Almost every CSE and IT student studies Cryptography & Network Security. They can define AES, draw the RSA key exchange, and recite the CIA triad — and then cannot generate a certificate, read a TLS handshake in Wireshark, or tell you why a firewall rule is not matching. The classroom stops at the equation; the job starts at the CLI. The RKR Cybersecurity & Network Defense Internship closes that gap by making you build, break and defend a real network: certificates you actually issue, firewalls you actually tune, and alerts you actually triage in a SIEM that is watching live traffic.
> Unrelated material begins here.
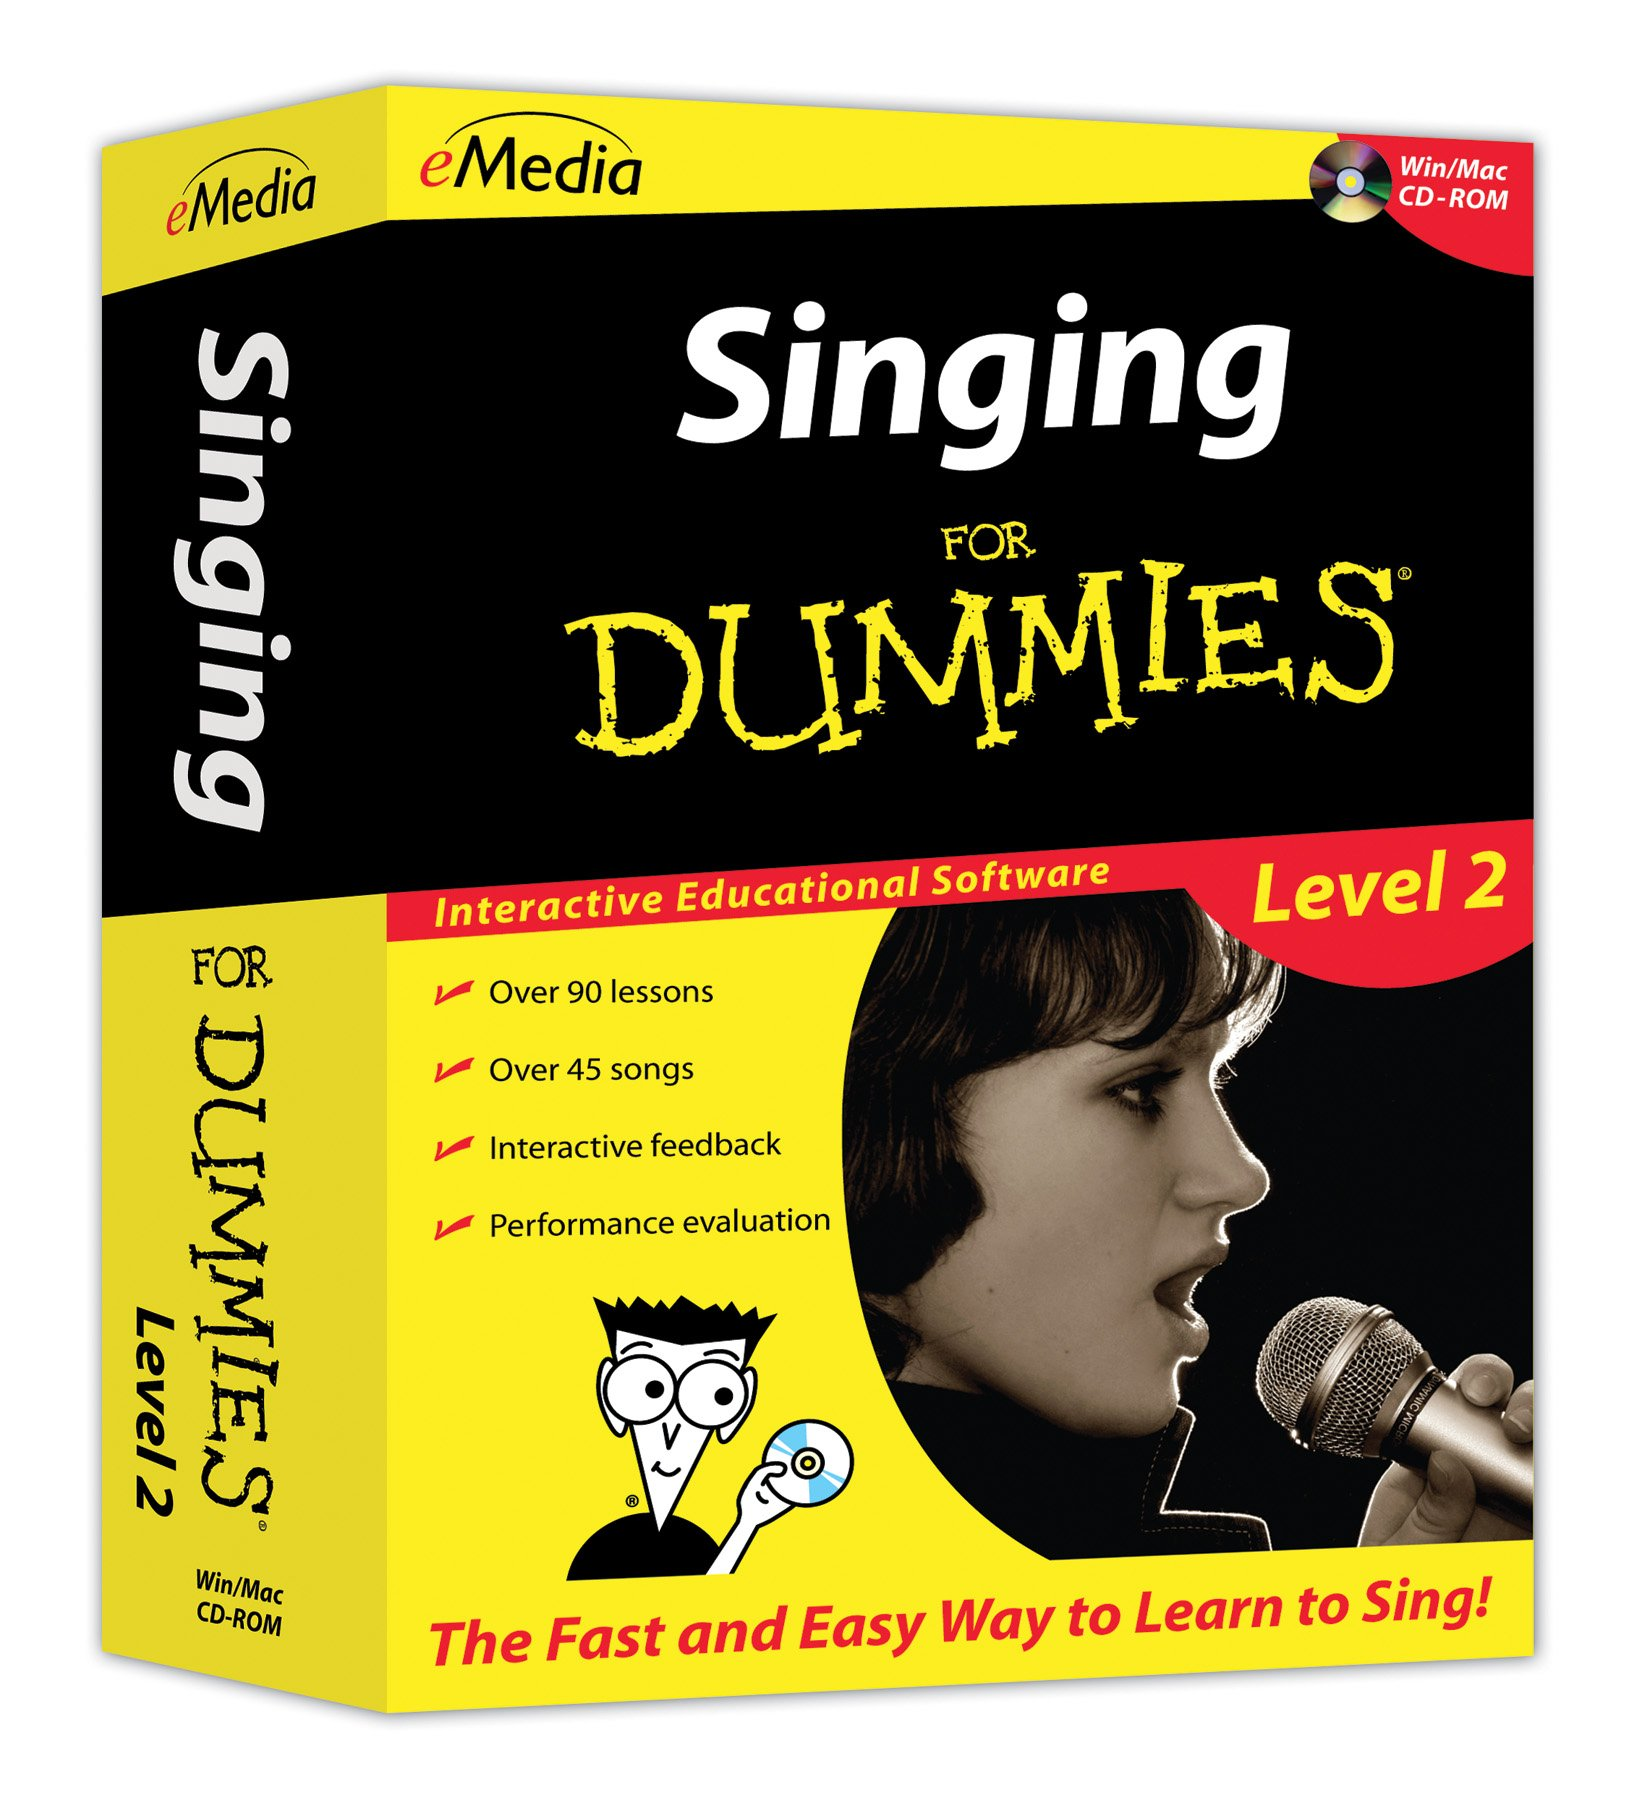 eMedia Singing For Dummies Level 2

This is a defender's program, not a slideshow of attacks. You start from the threat landscape and the cyber kill chain, then work up the defensive stack the way a real security engineer does: applied cryptography and a working PKI (TLS, X.509, mutual auth), next-generation firewalls with macro- and micro-segmentation, IPsec and SSL VPNs for site-to-site and remote access, identity and access control with 802.1X/RADIUS and NAC, and a Zero Trust design that ties it together. Then you turn on detection — Suricata/Snort IDS/IPS feeding a Wazuh/ELK SIEM inside a Security Onion sensor — and finally run a full incident: detect, contain, investigate with DFIR technique, and write it up against India's DPDP Act 2023 breach-notification duties. You will use pfSense, Juniper SRX and iptables, Wireshark, Kali, OpenVPN/strongSwan and FreeRADIUS on a cloud lab you can open from a college laptop.
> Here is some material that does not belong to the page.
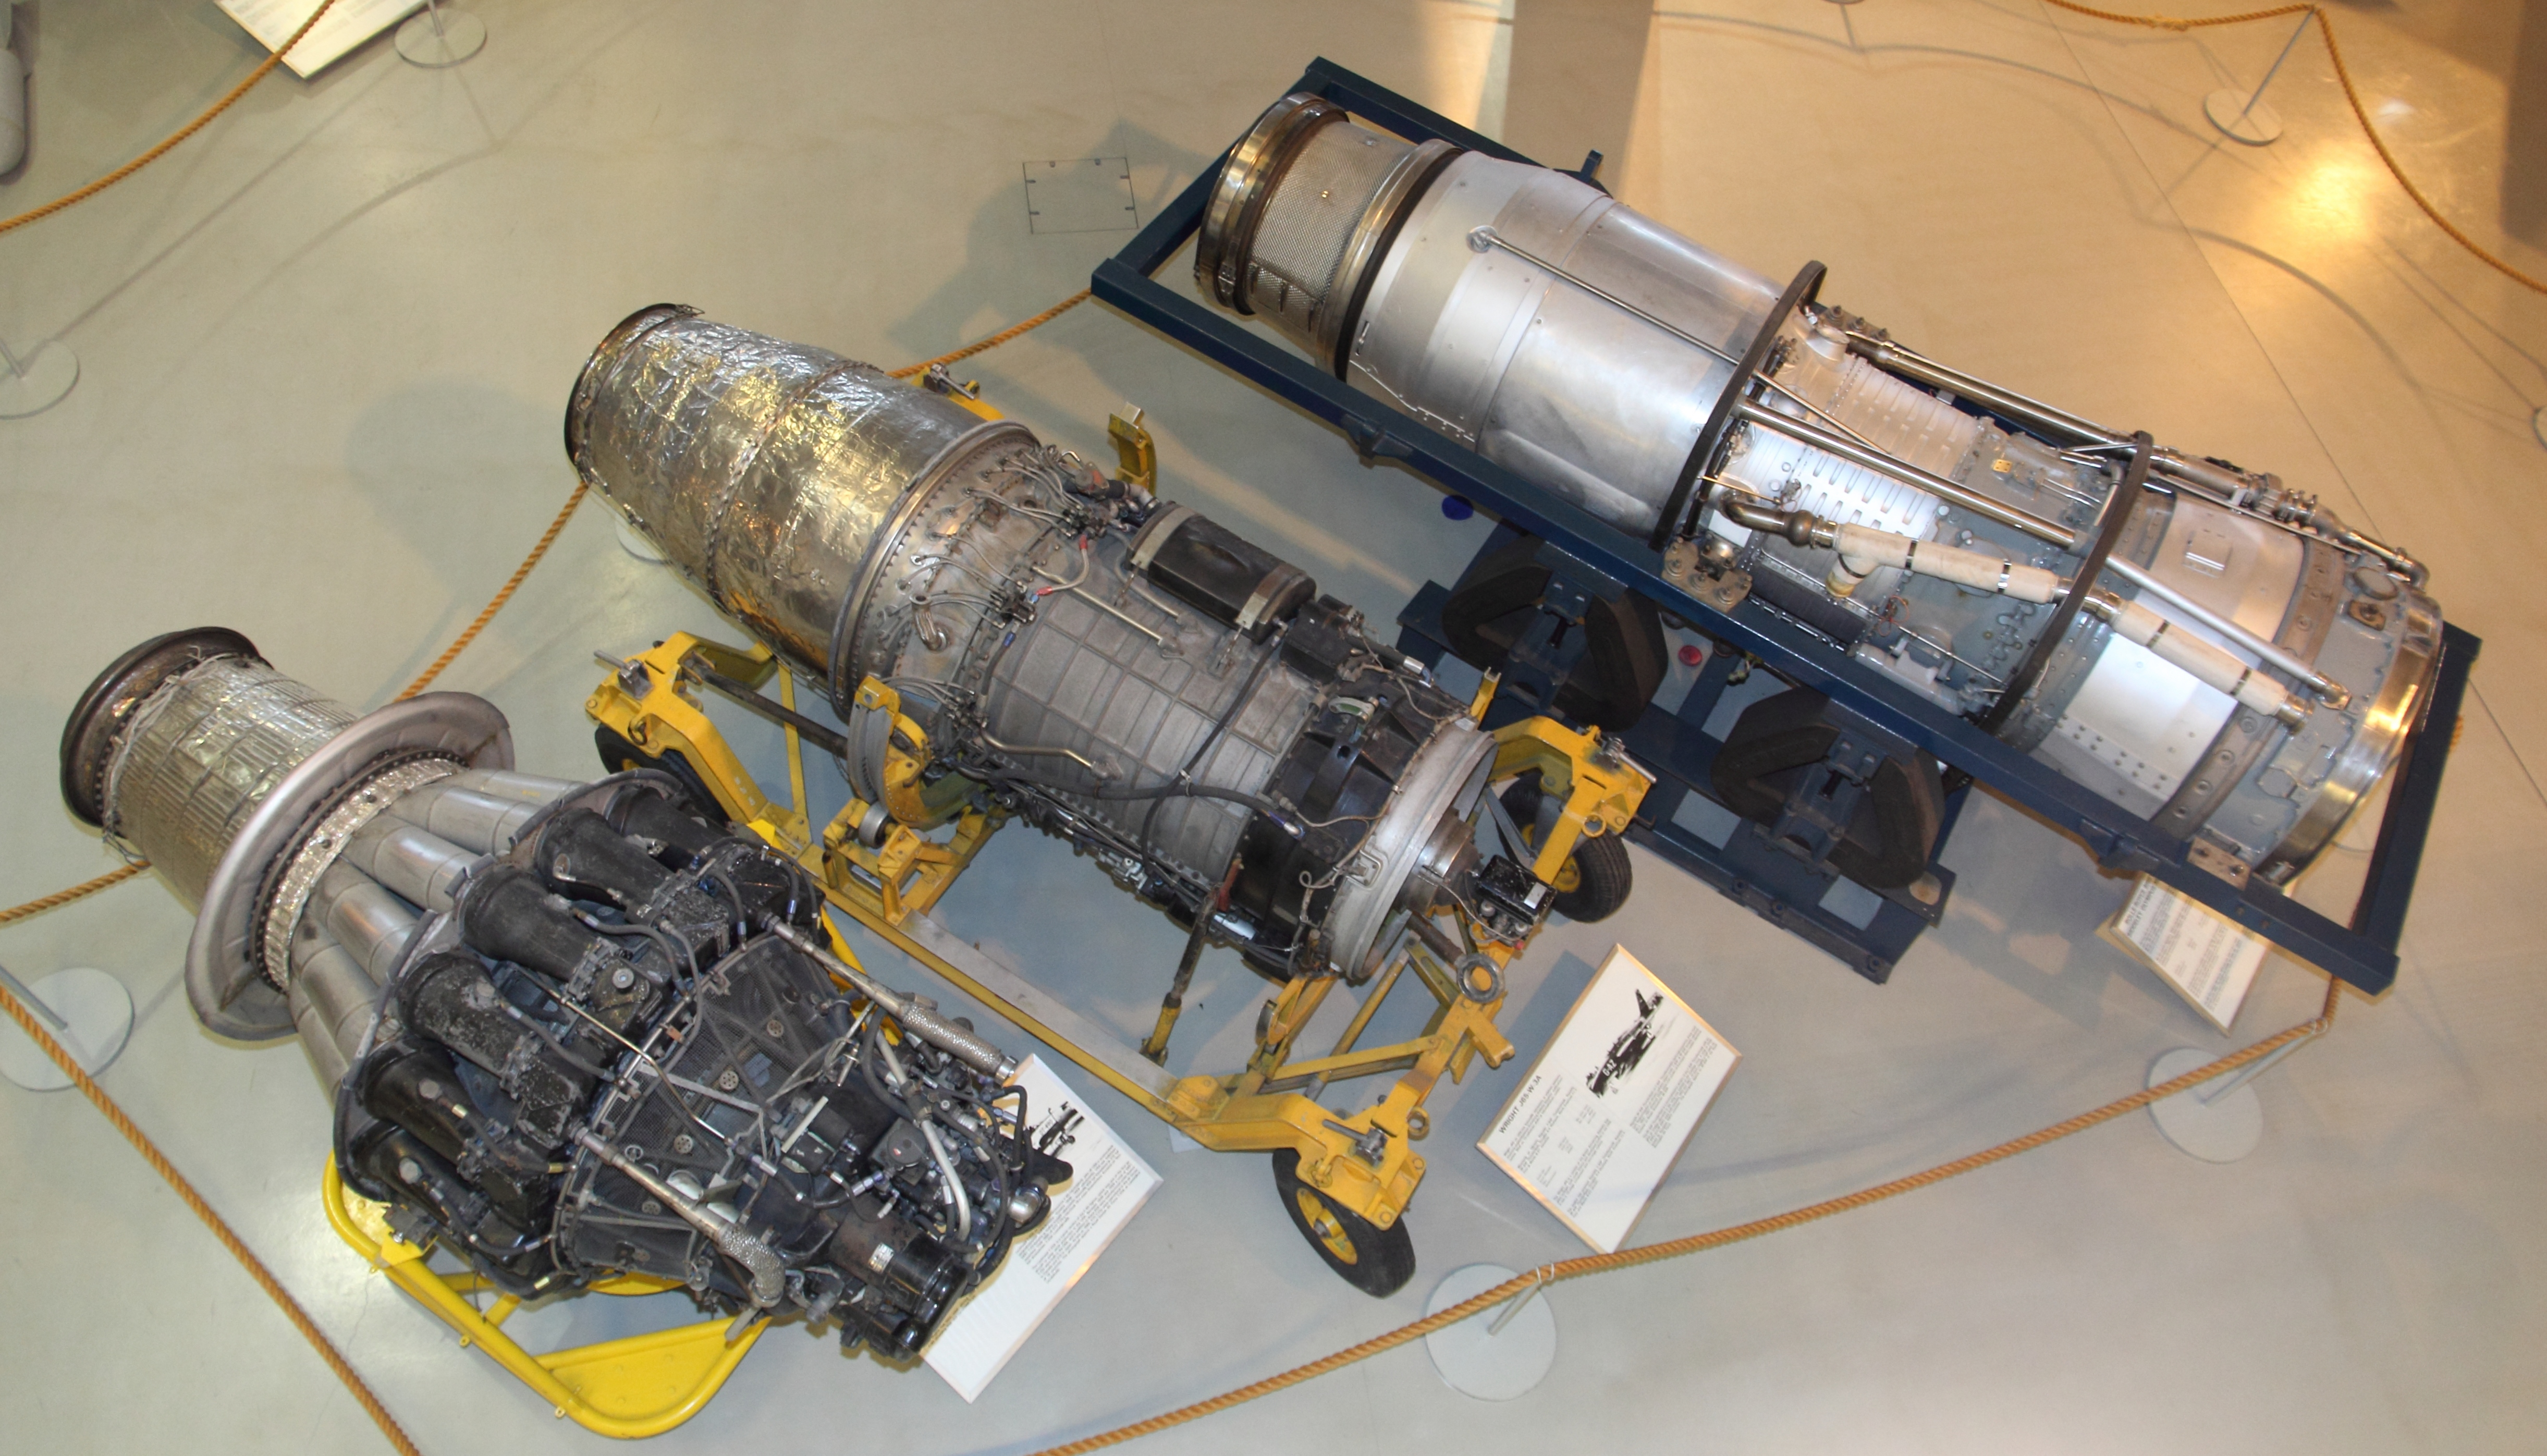 besides Tumblr M Hr Alzi Qk I Lo likewise P Bx Est as well Figurestudy besides T Porta. on j 33 jet engine

The internship is built for the Indian academic calendar and the AICTE/NEP 2020 internship mandate. Take it as a 4-week winter sprint, an 8-week summer internship, or a 24-week final-semester capstone that maps to your project/internship credits. Every track ends the same way: a graded, defended capstone where you segment and defend a network and run an investigation, a portfolio of real configurations, packet captures and an incident report, an RKR completion certificate formatted for internal credit, and — for the strongest interns — a direct bridge into the RKR Certified Security Professional (RCSP) ladder and the hiring pipeline behind it.